I have a large dataset and I have split it in:
On each set, I performed missing values imputation and feature selection (trained on the training set, and replicated into validation and test set) to avoid data leakage.
Now, I want to train an XGBoost model in Python and want to perform hyperparameter-tuning using the training set, and evaluate each parameter set with the validation set. How can I do this using a random approach such as in RandomizedSearchCV, so that I don't run all the parameter sets?

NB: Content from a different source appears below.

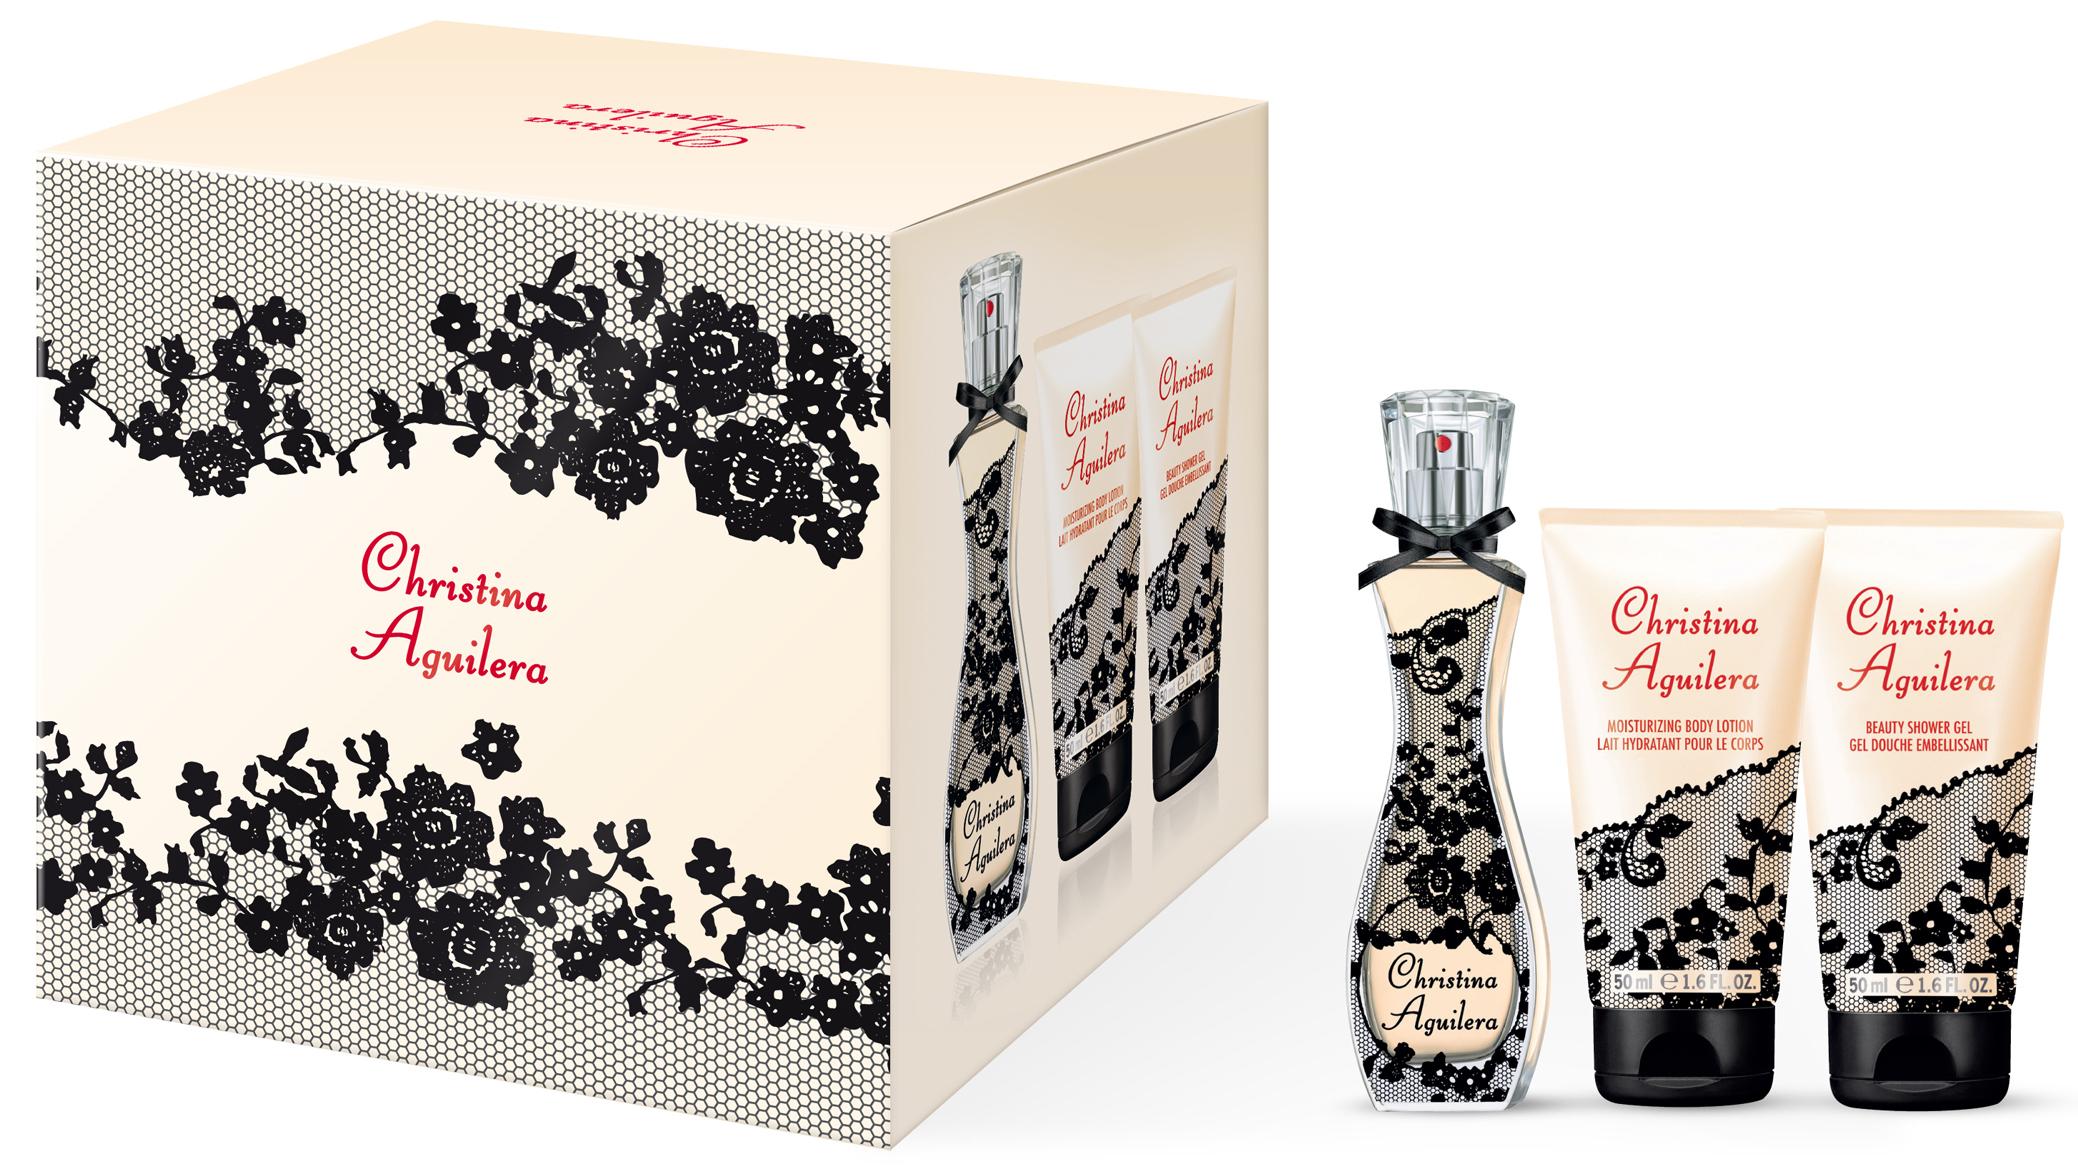 Christina Aguilera Signature parfémovaná voda 30 ml + sprchový gel 50 ml + tělové mléko 50 ml, dárková sada
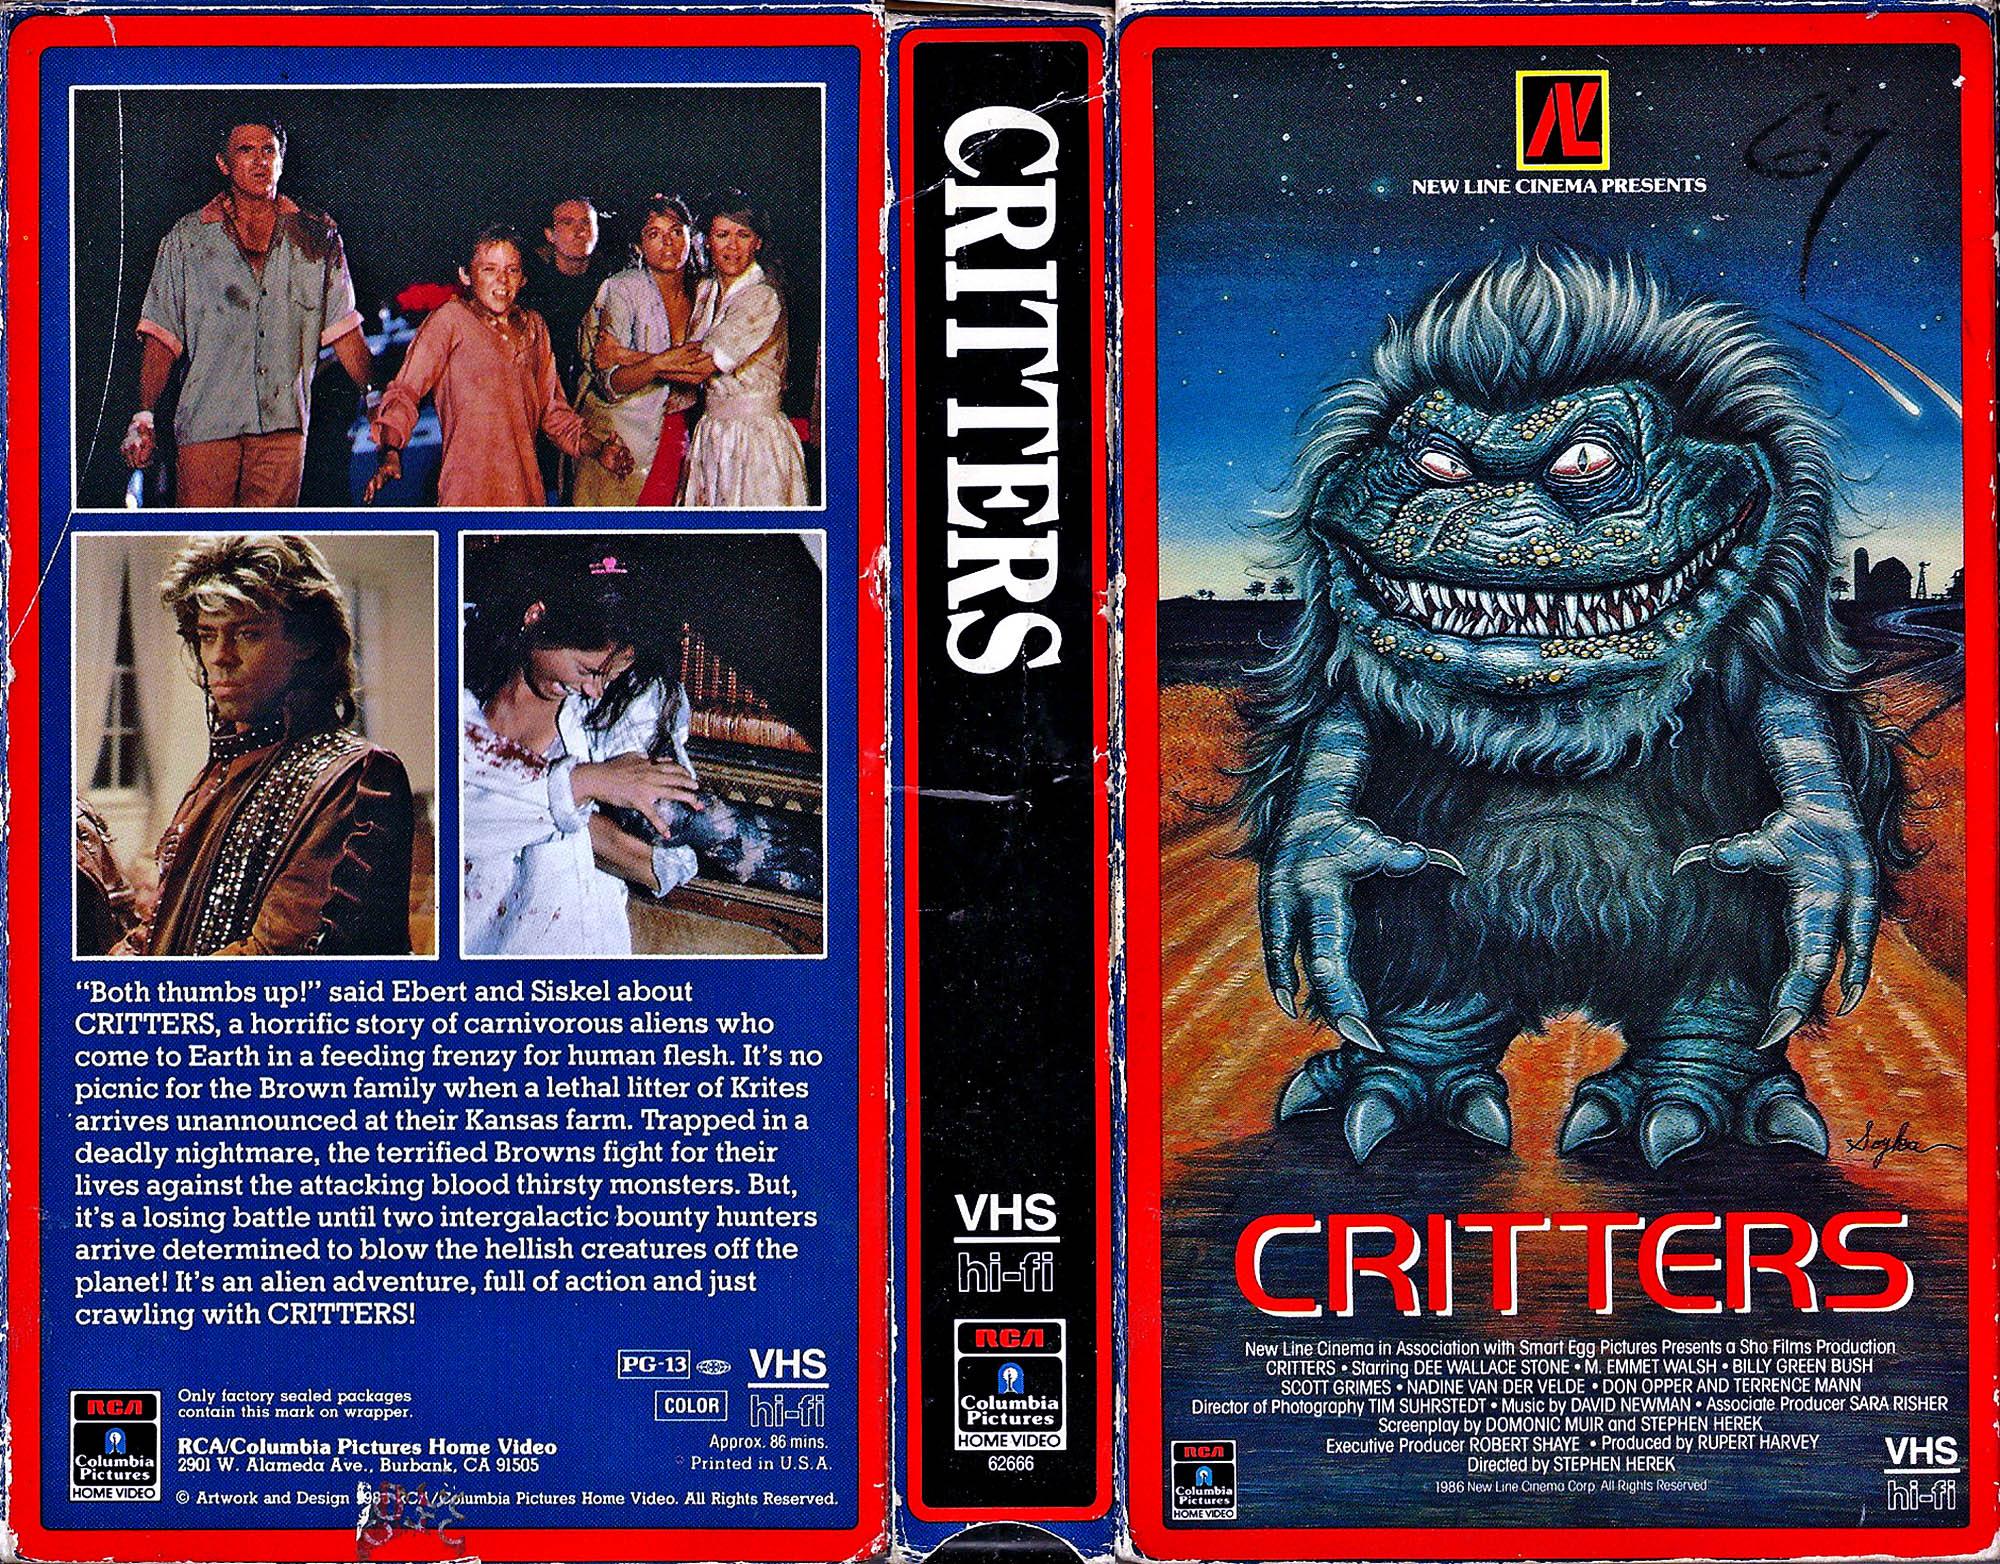 critters-1-vhs-cover-usa-dvdbash-wordpress.jpg

If I am correct, GridSearch and RandomizedSearchCV allow only cross-validation, which is not what I want, because splitting the preprocessed training set in folds will result in data leakage. I know I could build a sklearn pipeline where I do the preprocessing in each fold, but I would like to avoid the latter option.
I can only think about this code that runs each parameter set like in GridSearch:
from sklearn.model_selection import ParameterGrid
import xgboost as xgb
# Define your hyperparameter grid
param_grid = {
'max_depth': [3, 5, 7],
'learning_rate': [0.01, 0.1, 0.2],
'n_estimators': [100, 200, 300]
}
best_score = -1
best_params = {}
for params in ParameterGrid(param_grid):
model = xgb.XGBClassifier(**params)
model.fit(X_train, y_train)
val_score = model.score(X_val, y_val) # Or use a more specific metric
if val_score > best_score:
best_score = val_score
best_params = params
# Train the final model with the best hyperparameters
best_model = xgb.XGBClassifier(**best_params)
best_model.fit(X_train, y_train)
I understand your problem and tbh I don't have a clear cut answer. However, using the same validation set repeatedly like you propose is also not desired since you risk (over)fitting your hyperparams on that specific part of the data.
You could pre-specify the folds and impute the validation fold based on the other training folds. You could also accept that there is a small chance of leakage due to one or two observations ending up in the validation fold. Of course, this totally depends on your data and method of imputation. Wildly varying performance across the CV folds is an indicator that leakage is a problem.